17:37:04 <zere> which kind of suggests that the remainder, which were either extremely short or didn't happen at all, weren't necessary
17:39:46 <zere> and, from the deafening chorus of "no"s from Firefishy, pnorman and TomH, i'm going to go out on a limb and say that no one really cares?
17:41:18 <pnorman> hrm
17:42:00 <pnorman> the last person other than me or you to speak here was tomh, in aug
17:43:19 <zere> so there's a wider question of whether it's worth even having these, if only two of us had anything to say in the past month
17:44:09 <pnorman> I had put osm2pgsql C++ on the tentative agenda but no one has shown up
17:46:41 <zere> indeed. but i don't know what to do about that...
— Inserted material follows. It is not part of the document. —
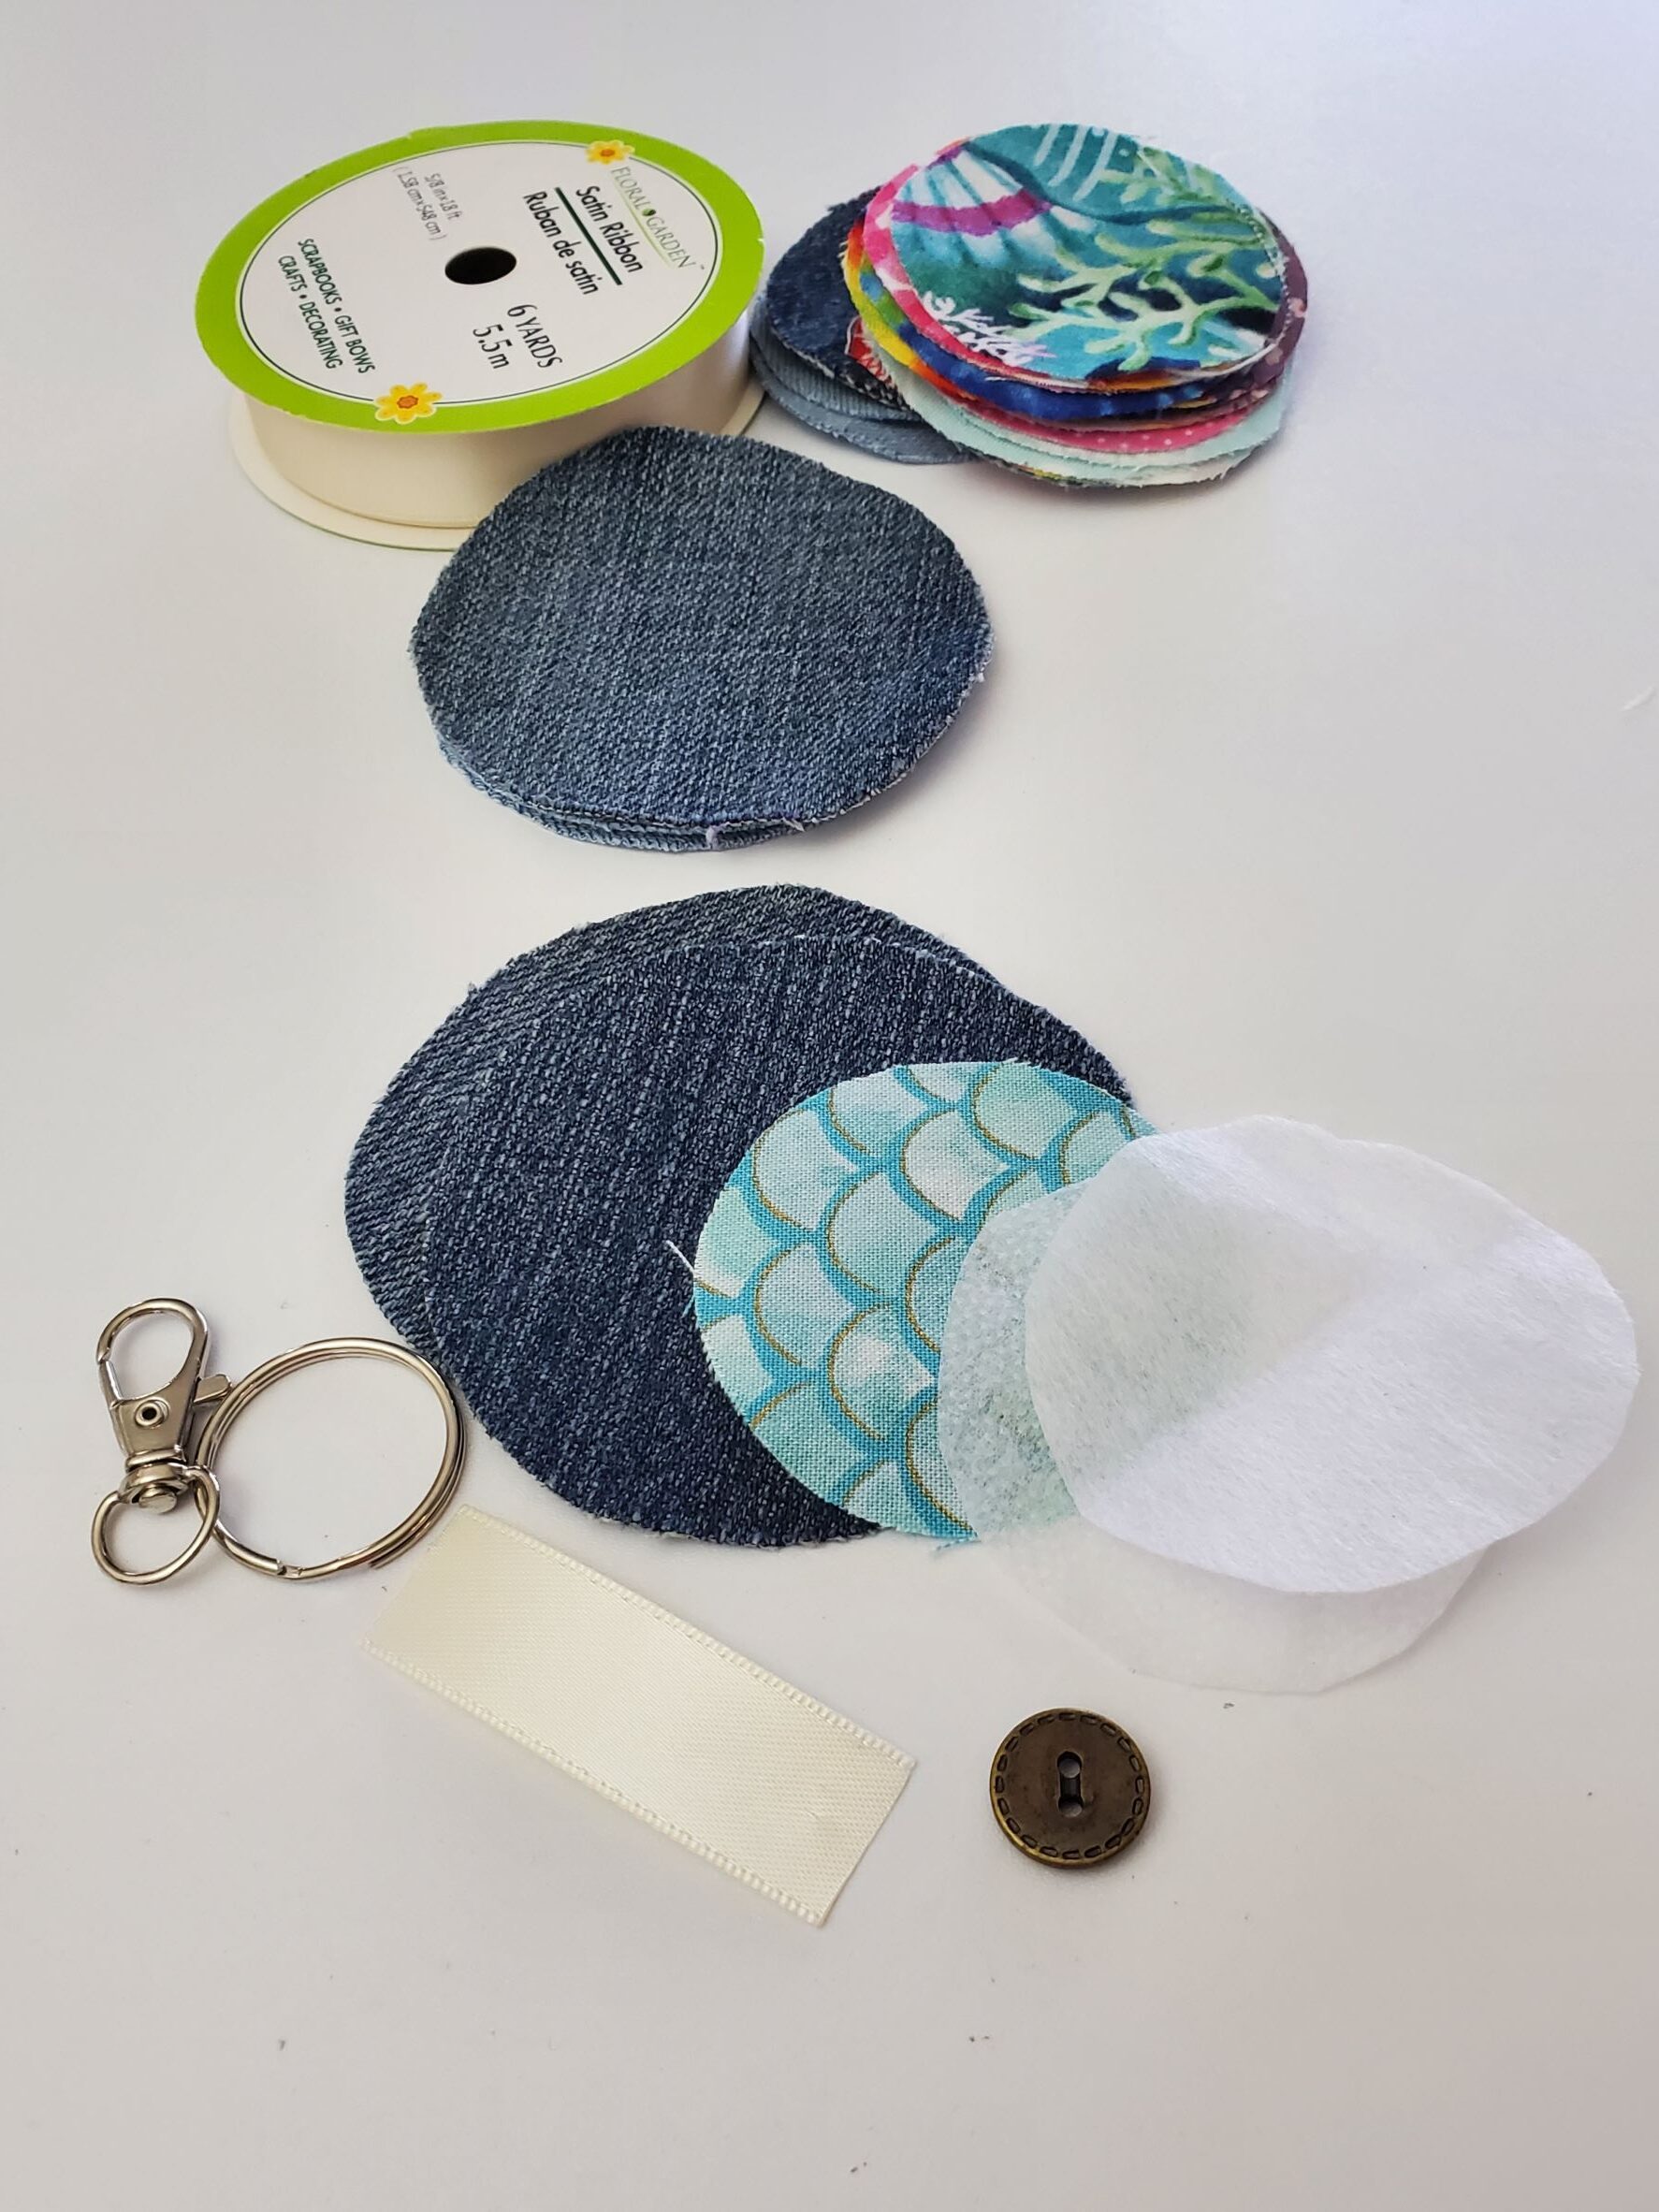 How To Sew An Upcycled Keychain From Old Denim & Fabric Scraps
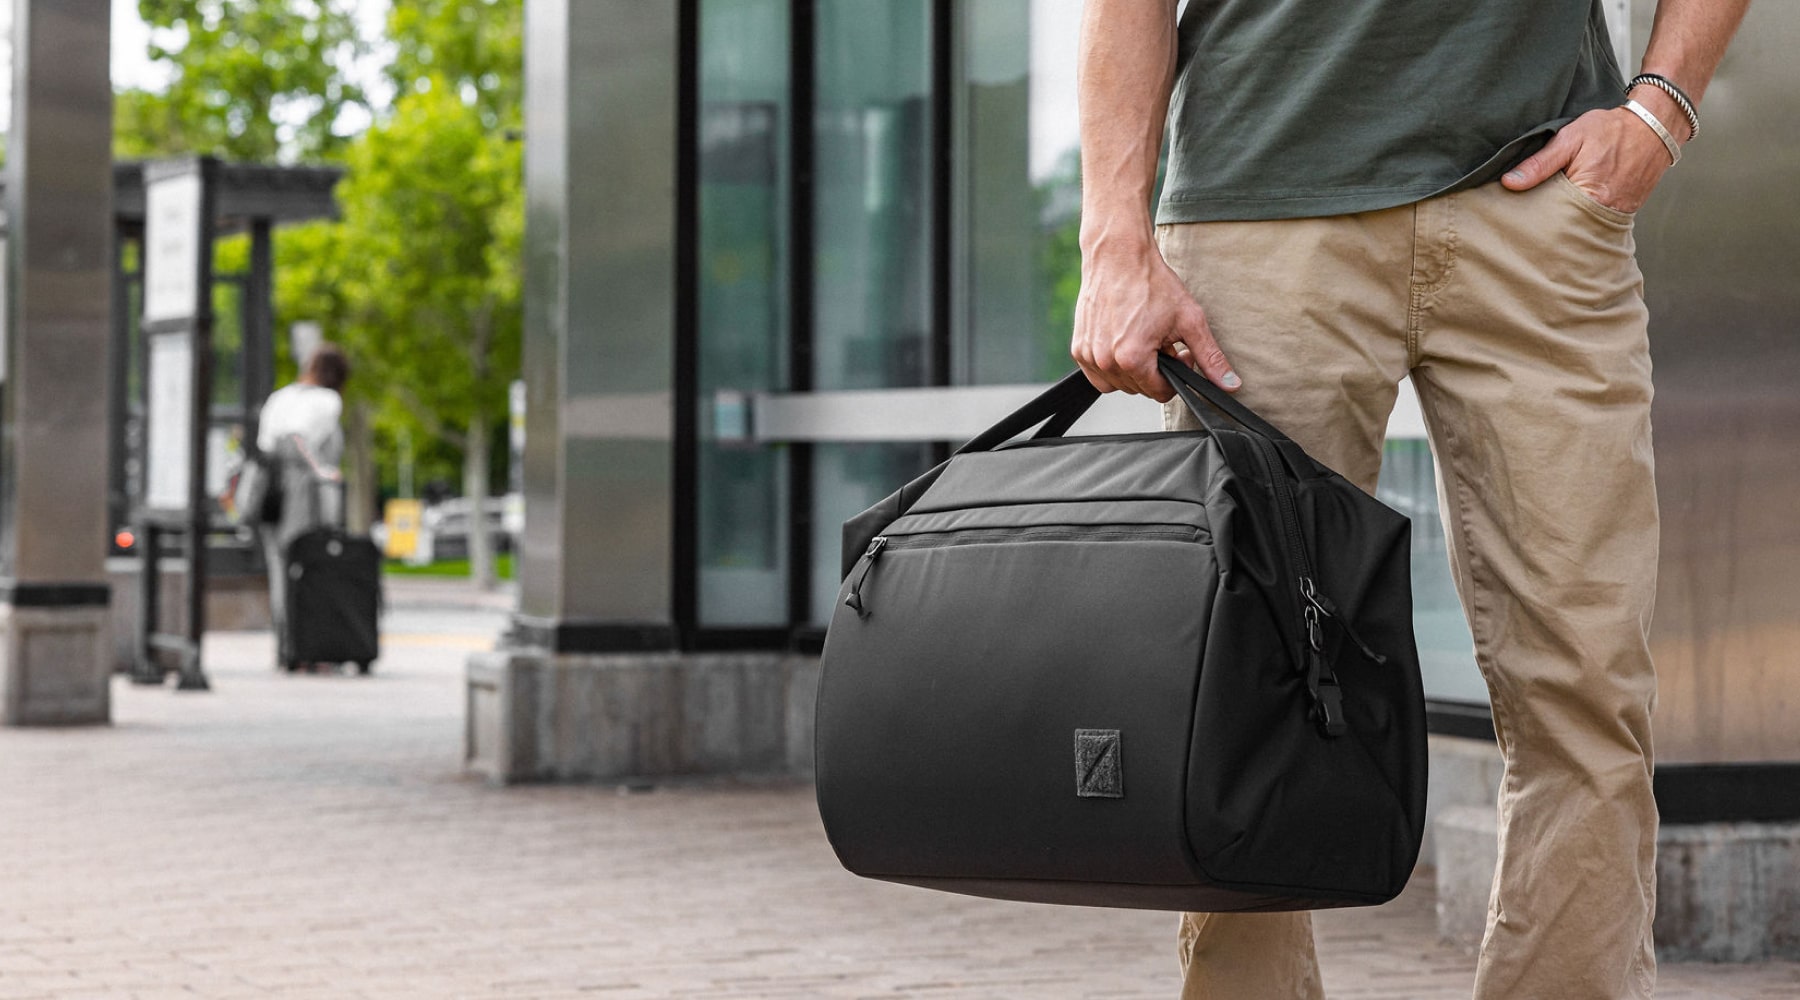 Transit Duffel 35L comes wrapped in foam protection

17:47:38 <pnorman> we could wrap up the WG? You put out a wider call at one point, right?
17:48:49 <zere> what do you mean, a wider call?
17:49:12 <pnorman> dev@
17:49:36 <zere> yeah, but to be fair, i think it was quite a long time ago
17:51:06 <zere> perhaps enough discussion is happening nowadays on github that EWG meetings are superfluous? i always thought having a real-time part was useful, but perhaps it's too onerous given the range of timezones we're all scattered over
17:52:02 <zere> and, to be fair, the effectiveness of EWG is something we've discussed in the past. although, usually there were more people to discuss it with ;-)
17:54:12 <pnorman> we should discuss c++, even if it's just us
17:56:20 <apmon> yes
17:58:52 <pnorman> So, both me and Matt have worked on various parts of it.
17:59:17 <pnorman> The areas worth discussing are probably a) boost, b) indexing performance
18:01:55 <apmon> What needs discussing about them?
18:02:17 <pnorman> a) boost. you need boost for a modern tile server *anyways*. it is a bit of a pain, but I think it's unquestionably worth it, and we kept compatibility with the 12.04 version of boost
18:02:48 <apmon> boost in general I don't think is an issue. As you said, it is necessary for mapnik anyway
18:03:08 <zere> yup. boost is almost a standard library for c++
18:03:08 <apmon> The problem I had with mapnik was that it always needed a more modern boost than was available.
18:03:21 <zere> indeed, bits of it are in the C++11 standard library ;-)
18:03:26 <apmon> So if it runs with boos that comes with 12.04, I think having a dependency on boost is much less problematic
18:03:51 <pnorman> there are some odd things going on with the last phase performance, but it's not a huge performance issue, and that section needs rewriting to not do the stupid ORDER BY stuff anyways
18:04:27 <pnorman> by odd, I mean, I'm not sure what's going on.
18:04:36 <zere> what's the latest performance result? is the new branch faster in some, most or all cases?
18:05:29 <pnorman> first two phases unquestionably.
18:06:37 <pnorman> On extremely high IO concurrency machines I'm getting odd results. see https://github.com/openstreetmap/osm2pgsql/pull/187#issuecomment-57613985
18:06:53 <apmon> where does the performance increase come from? Aren't the first two phases nearly identical to prior to the port?
18:07:03 <pnorman> we're doing pending in memory
18:07:18 <apmon> Did that matter even in the first two phases?
18:07:29 <apmon> Btw. what do you mean by first two phases?
18:07:36 <pnorman> processing and pending
18:07:39 <apmon> Initial import and "going over pending ways"?
18:07:55 <apmon> ah, yes, then the memory pending would make a difference.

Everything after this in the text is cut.